Sanofi’s Sarclisa (isatuximab) has been approved by the US Food and Drug Administration (FDA) as part of a first-line combination treatment for adults with newly diagnosed multiple myeloma (NDMM).
The anti-CD38 therapy has been authorised alongside standard-of-care bortezomib, lenalidomide, and dexamethasone (VRd) to treat NDMM patients who are not eligible for autologous stem cell transplant.
The FDA’s decision was supported by positive results from the late-stage IMROZ trial, in which Sarclisa plus VRd followed by Sarclisa/Rd reduced the risk of disease progression or death by 40% compared to VRd followed by Rd.
Median progression-free survival (PFS) with the Sarclisa/VRd combination was not reached after a median follow up of 59.7 months versus 54.3 months with Vrd, and the estimated PFS at 60 months was 63.2% for patients treated with Sarclisa/VRd compared to 45.2% for those receiving VRd.

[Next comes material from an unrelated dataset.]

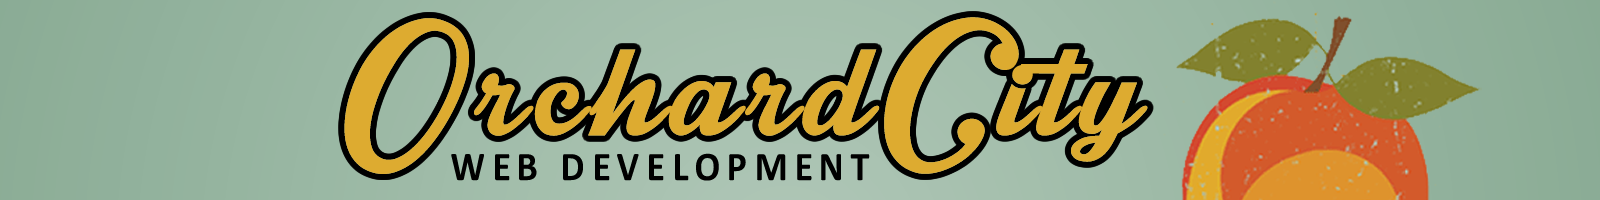 Orchardcity Logo Header Large

Benefits were also seen across the trial’s secondary endpoints, with approximately 74.7% of patients in the Sarclisa/VRd cohort achieving a complete response (CR) compared to 64.1% of those in the VRd group, and 55.5% of Sarclisa/VRd-treated patients reaching minimal residual disease negative CR compared to 40.9% of those receiving Vrd.
Multiple myeloma (MM) is the second most common haematological malignancy, with approximately 32,000 people in the US diagnosed with the disease every year. Despite available treatments, MM remains incurable and newly diagnosed patients have a five-year survival rate of about 52%.
Already approved in the US to treat certain cases of relapsed refractory MM, Sanofi’s Sarclisa is designed to bind to a specific epitope on the CD38 receptor on MM cells and induce distinct anti-tumour activity.
Brian Foard, executive vice president, head of specialty care at Sanofi, said: “With [this] approval, doctors now have an important new option at their disposal that’s been shown to slow disease progression for longer compared to the current standard-of-care for adults living with NDMM who are not eligible for transplant in the US.”
The latest authorisation comes just over a month after Sanofi shared promising results from a late-stage study of Sarclisa in NDMM patients who are eligible for transplant.